The workloads in the example folder all seem to execute successfully besides the alexnet training which seems to be due to an incompatibility from the latest version of Keras, so seems unrelated.

Traceback (most recent call last):
  File "/benchmarks/scripts/tf_cnn_benchmarks/tf_cnn_benchmarks.py", line 25, in <module>
    import benchmark_cnn
  File "/benchmarks/scripts/tf_cnn_benchmarks/benchmark_cnn.py", line 44, in <module>
    from models import model_config
  File "/benchmarks/scripts/tf_cnn_benchmarks/models/model_config.py", line 31, in <module>
    from models.experimental import deepspeech
  File "/benchmarks/scripts/tf_cnn_benchmarks/models/experimental/deepspeech.py", line 121, in <module>
    class DeepSpeech2Model(model_lib.Model):
  File "/benchmarks/scripts/tf_cnn_benchmarks/models/experimental/deepspeech.py", line 126, in DeepSpeech2Model
    'lstm': tf.nn.rnn_cell.BasicLSTMCell,
            ^^^^^^^^^^^^^^^^^^^^^^^^^^^^
  File "/usr/local/lib/python3.12/site-packages/tensorflow/python/util/lazy_loader.py", line 207, in __getattr__
    raise AttributeError(
AttributeError: `BasicLSTMCell` is not available with Keras 3.

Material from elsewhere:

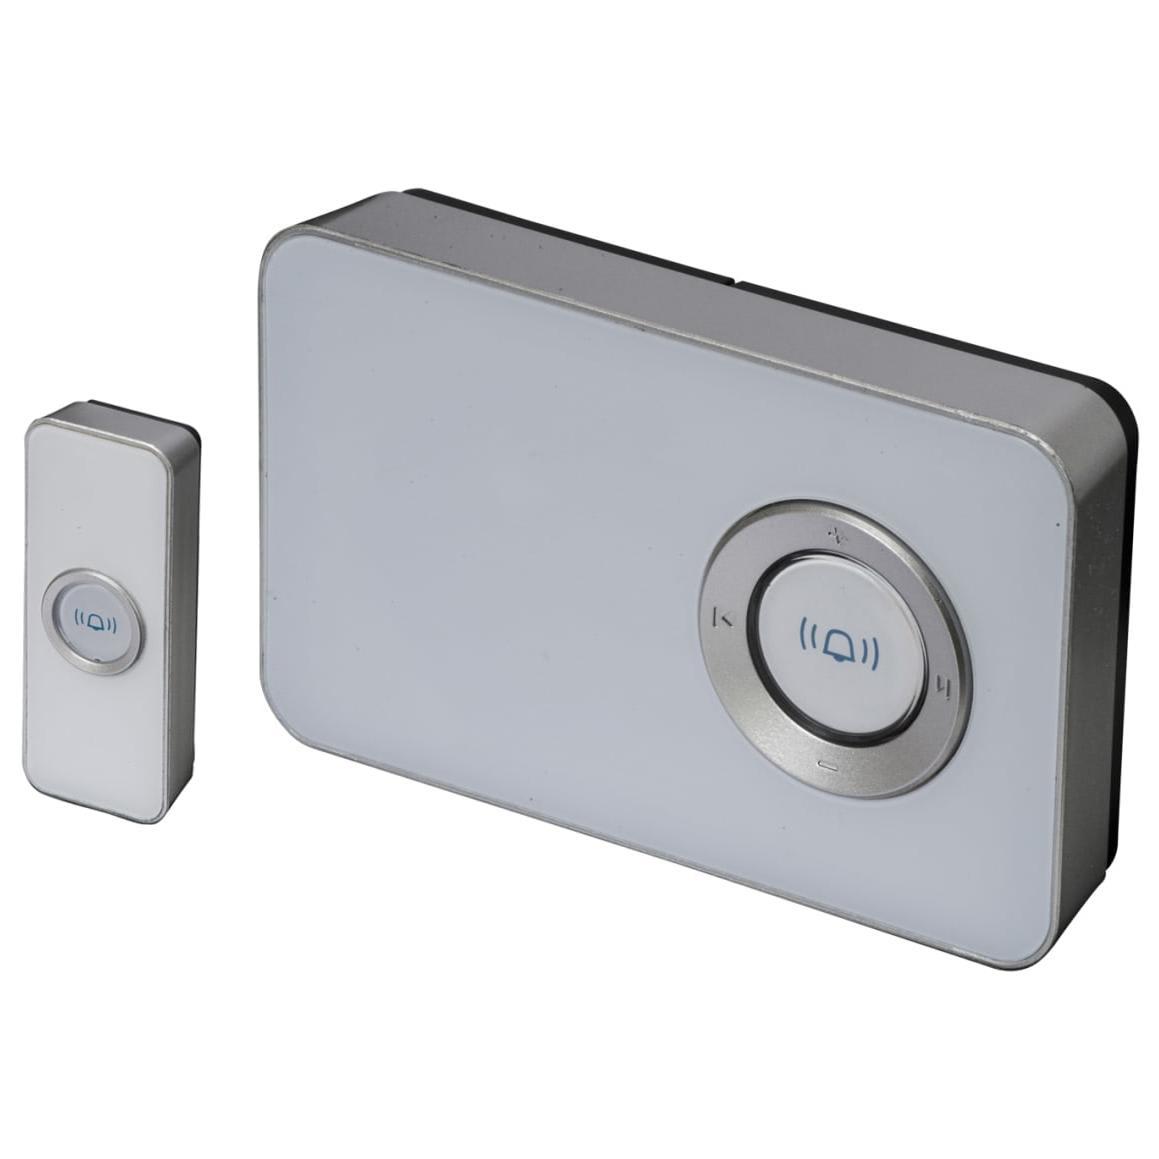 Dekorativ trådlös dörrklocka

Both the metrics exporter, and device plugin seem to function normally.

The use-case is the following:

We have a cluster that we have complete control over the underlying OS and any other components, this would be only 8 AMD nodes, a couple 2x8 MI300X and 6x4 W7900 Radeon Pros. Within our organization we have received a pledge of resources from a few other teams that we will use as bursting capacity. For these nodes we don't have control over the underlying OS and feels more like a "managed" k8s cluster. We are starting a PoC with 48 GPUs, and if successful it will grow to around the order of a couple thousand. The issue is that these nodes either come with alma9 or alma10 as the underlying OS. So this is why we would need Alma support for the gpu-operator.

Let me know if you need anything else from me, happy to help/contribute.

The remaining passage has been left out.